DoorDash developed a simulation and evaluation framework to test LLM-powered customer support chatbots at scale. This system enables rapid iteration and validation of changes to prompts, context, and integrations, significantly reducing hallucination rates and improving chatbot reliability before production deployment. The core innovation is using an LLM to simulate customer interactions, allowing for diverse conversation paths to be explored and evaluated automatically.

AI & ML Infrastructure DevOps & SRE Tools & Frameworks

Read original on InfoQ Architecture

The Challenge of Testing LLM-Powered Chatbots

Traditional customer support automation relies on deterministic decision trees, making testing straightforward. However, LLM-powered chatbots handle natural language conversations, leading to unpredictable outcomes with even minor changes. This inherent non-determinism makes conventional testing inadequate and poses a significant challenge for validating LLM-based systems before production deployment.

ℹ️

Key Problem

How do you thoroughly test a chatbot that never answers the same way twice, especially when small adjustments can have wide-ranging, unpredictable effects across conversation paths?

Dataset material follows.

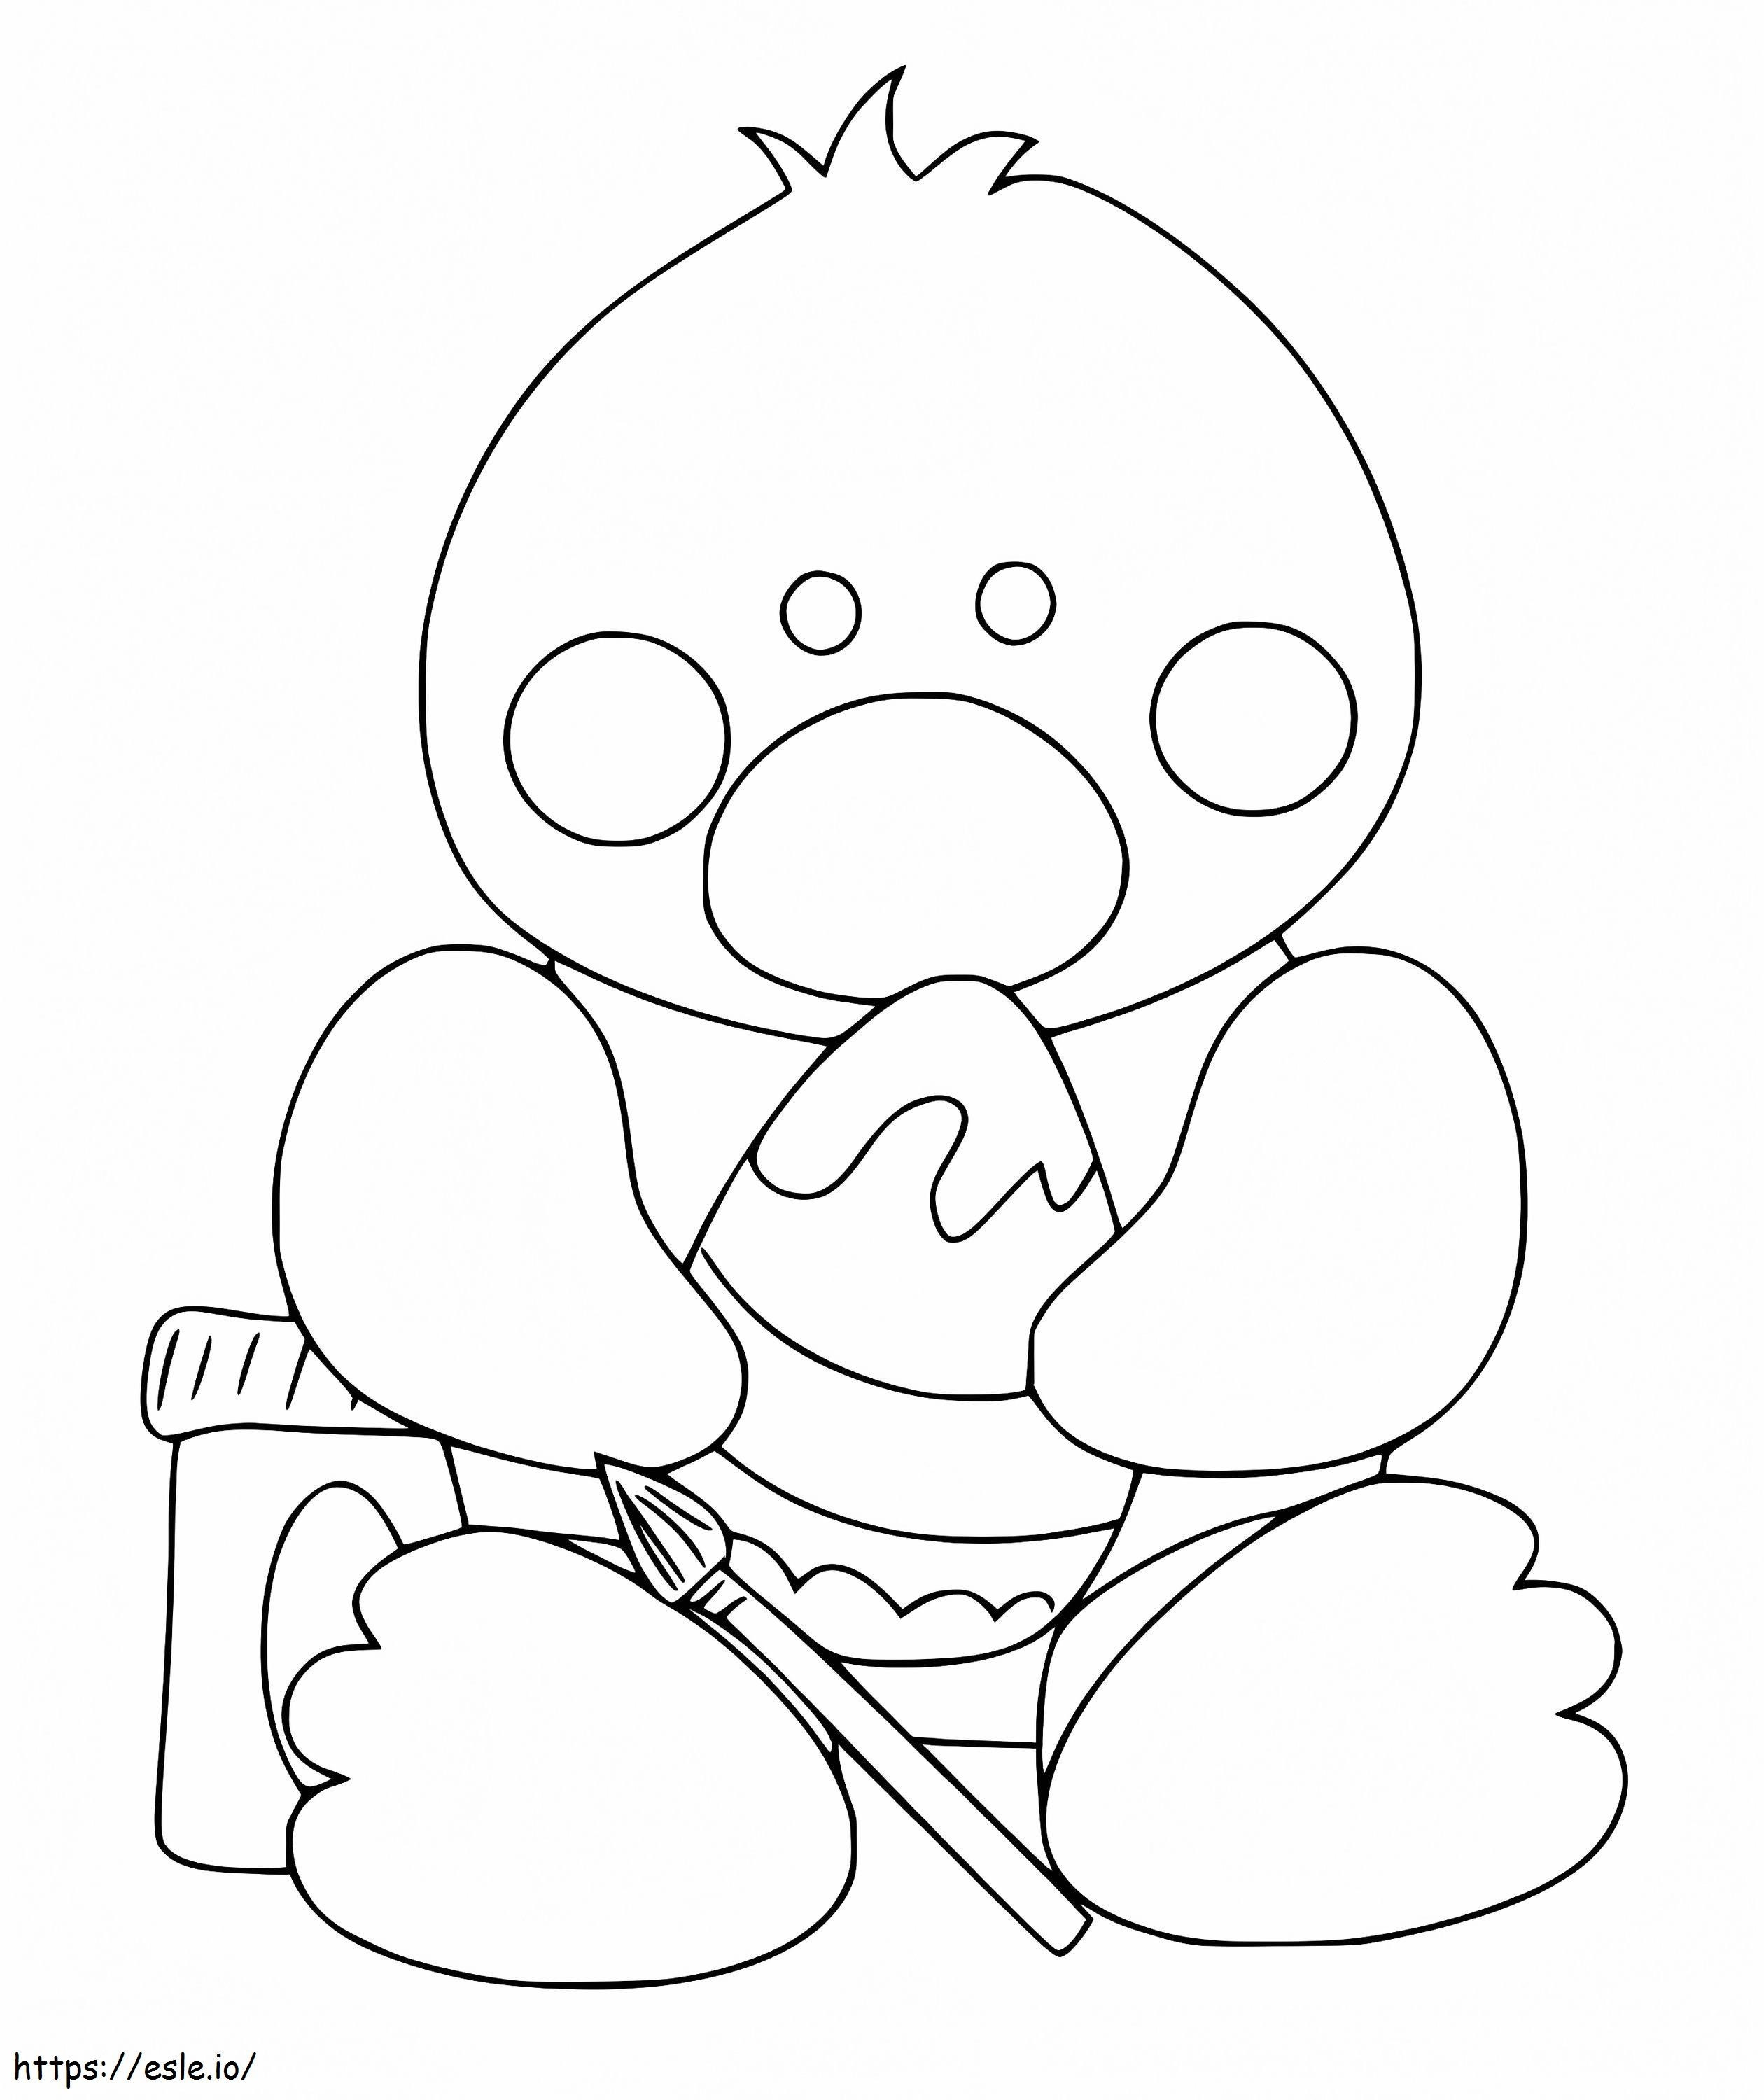 Simple Easter Chick coloring page

DoorDash's Simulation and Evaluation Flywheel

DoorDash addressed this by building an offline experimentation framework consisting of an LLM-powered customer simulator and an automated evaluation system. This framework allows engineers to run hundreds of simulated conversations rapidly, accelerating development and experimentation cycles.

LLM-Powered Customer Simulator: An LLM acts as the customer, generating multi-turn conversations based on historical support transcripts to mimic real customer intents and behavioral patterns.
Mocked Backend Services: Critical dependencies like order lookups or refund workflows are reproduced with mocked APIs, creating realistic operational scenarios without relying on live systems.
Automated Evaluation System: Classifies conversation outcomes against predefined policies and metrics, including compliance, hallucination rates, tone, and task completion accuracy. An LLM-as-judge can be used to detect specific failure modes.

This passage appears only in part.